Cardiac CT has been accepted as a valuable diagnostic tool in today’s patient care. However, several other noninvasive, in particular, functional diagnostic tests are available on the menu for the ordering clinician and target more or less the same patient population. In the present economic environment with limited budgets, the cost-effectiveness of a diagnostic strategy comes into play and it therefore becomes essential to select the appropriate diagnostic test. Several randomized clinical trials have been conducted to evaluate the health outcomes of patients in need of a diagnostic work-up comparing a CT-based anatomic approach with traditional functional tests (17,18,22,23). It turns out that the choice of the diagnostic test does not result in a difference in clinical outcome, leading to the conclusion that a CT-based anatomical and functional strategy is comparable. Pooling of data from these 14,817 patients in a meta-analysis demonstrated two salient features (24). First, selecting cardiac CT as a default strategy was associated with lower rates of myocardial infarction at follow-up than those randomized to functional testing, which is attributed to greater utilization of secondary prevention measures in response to visualizing (mostly nonobstructive) CAD. Second, choosing CTCA as the initial test increased the rate of revascularizations as well as a trend toward more ICAs. Data from another multicentre randomized study, the CRESCENT trial, demonstrated that the use of cardiac CT in clinical practice was at least as effective as the traditional approach using functional testing, but with less downstream diagnostic testing and thus lower cumulative diagnostic costs when following these patients for more than 1 year (25).

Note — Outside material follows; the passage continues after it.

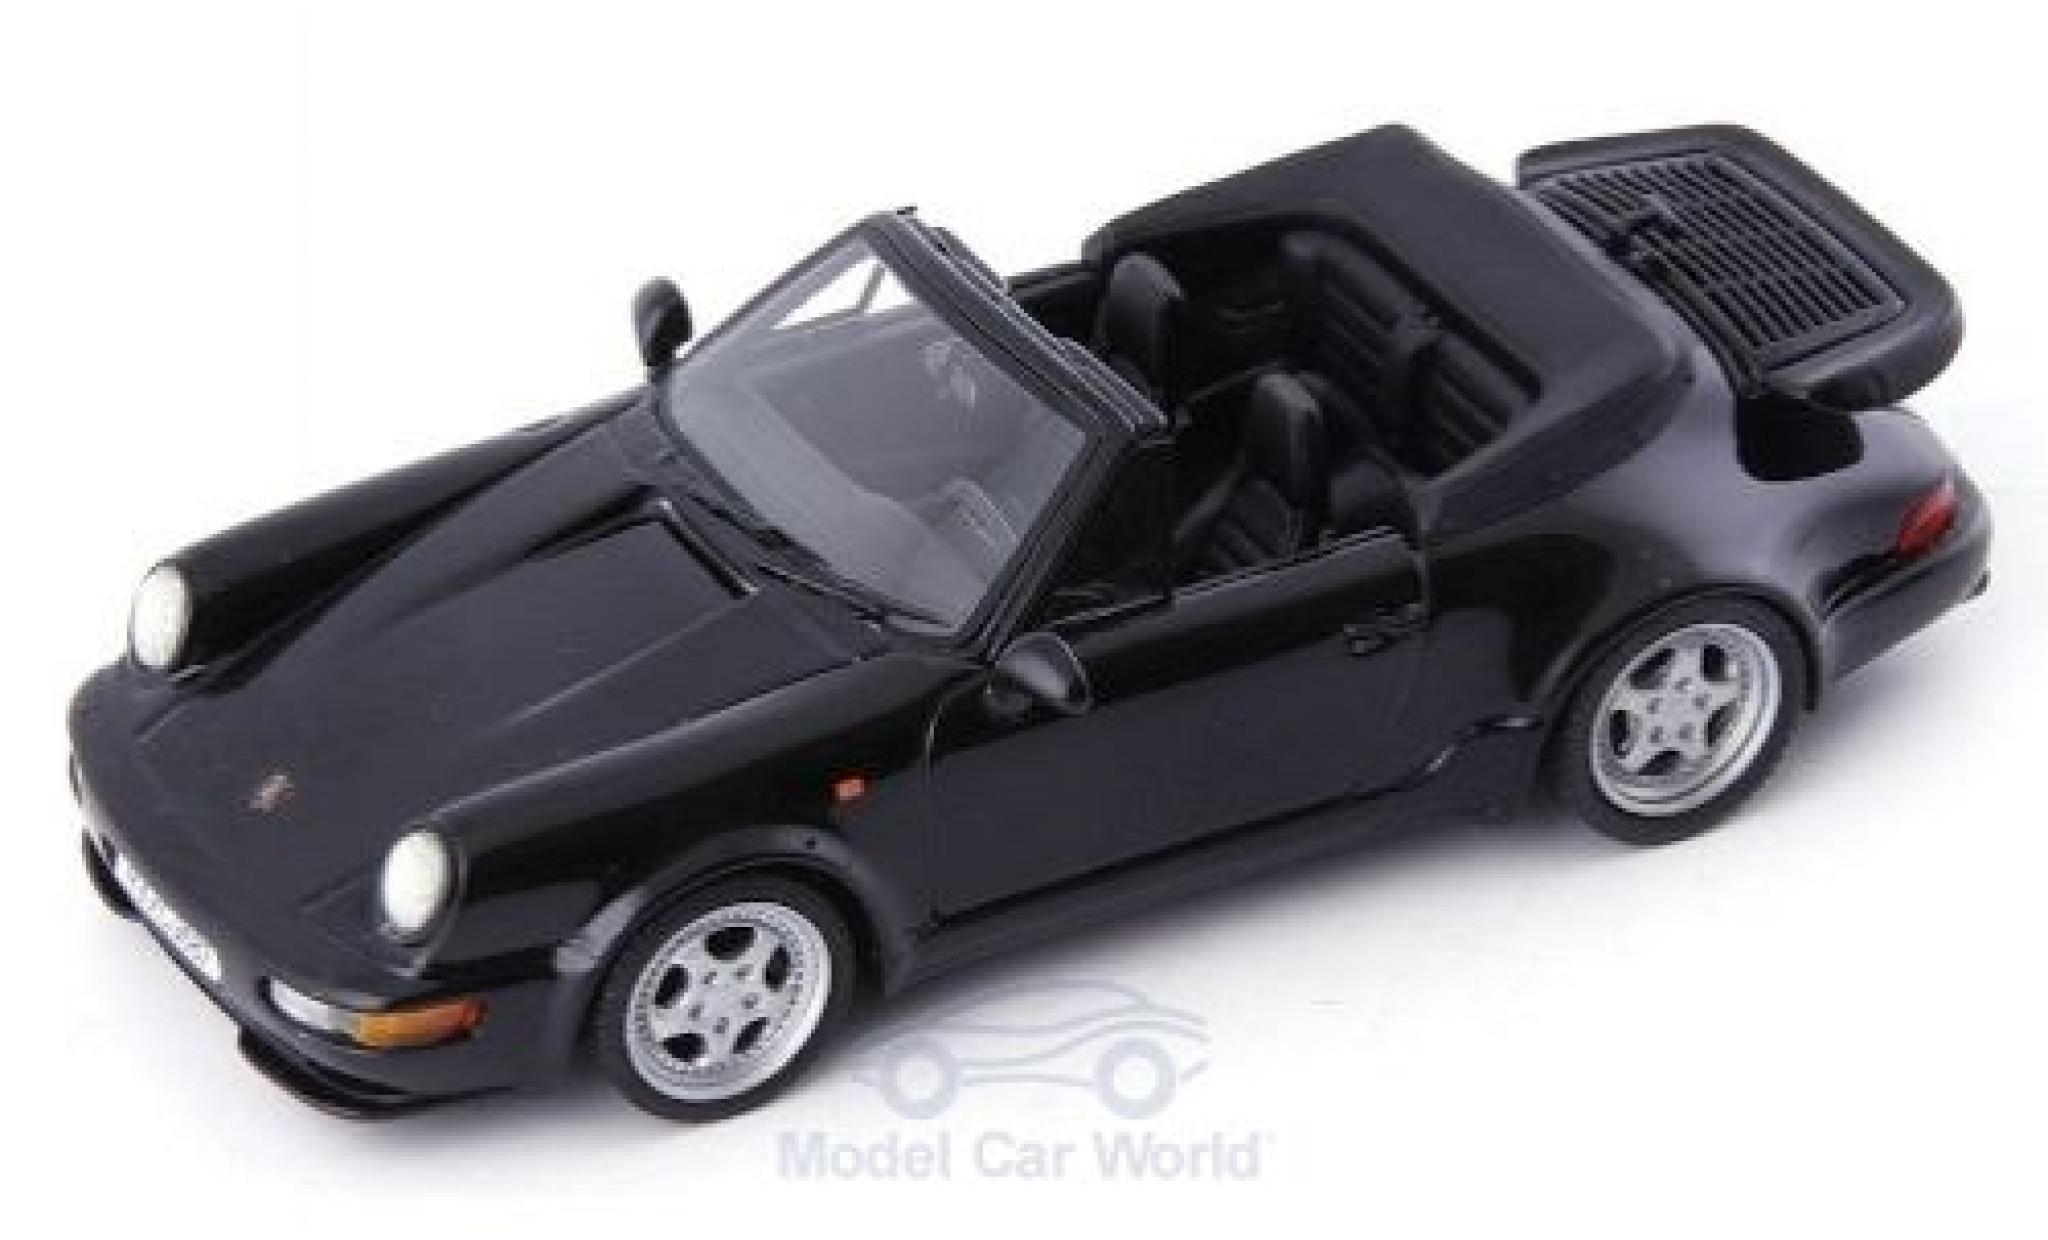 Porsche 911 1/43 Autocult/Avenue 43 (964) Turbo Cabriolet noire 1993

The potential for overuse of ICA and revascularizations when using CTCA instead of functional testing is of concern both from a patient (risk of harm in low-risk individuals) and society (higher costs) perspective and has been reported in several studies (24,26). Unfamiliarity with the technique, both its possibilities and limitations, is one possible explanation. More importantly, the practice to directly refer patients with CAD on CTCA for invasive confirmation, finds it origin in the tendency of CTCA to overestimate stenosis severity, or in other words its low positive predictive value (10). In addition, catheter-based confirmation of a significant stenosis on CTCA is often not enough for adequate patient management (27). Once CAD has been identified on CTCA (or ICA), documentation of the ischemic potential of a stenosis becomes important to guide patient therapy (28). Patients with anatomically proven CAD but no evidence of ischemia do well with drug therapy (such as statins and antiplatelet drugs) only. Patients with anatomical disease and evidence of ischemia are in general better off with revascularisation on top of drug therapy (29). Hence, in clinical practice both anatomic and functional data often will be necessary (Figure 1). This awareness has been the trigger to assess the functional significance of anatomical disease as detected by CTCA, using different modalities, including the exercise treadmill, single-photon emission computed-tomography, positron emission tomography and CT myocardial perfusion imaging (30-34). One particular and relatively new approach, is the calculation of fractional flow reserve (FFR) from standard CTCA acquisitions using computational fluid dynamics (FFR_CT) (35-37). This method allows to calculate FFR at any point in the coronary vascular bed, without the need for additional imaging, modification of image acquisition protocols, additional radiation doses, or medication administration. Preliminary data show that the addition of functional information, using FFR_CT data, enables to cut down on the use of ICA, the main driver of costs within the area of CAD (38).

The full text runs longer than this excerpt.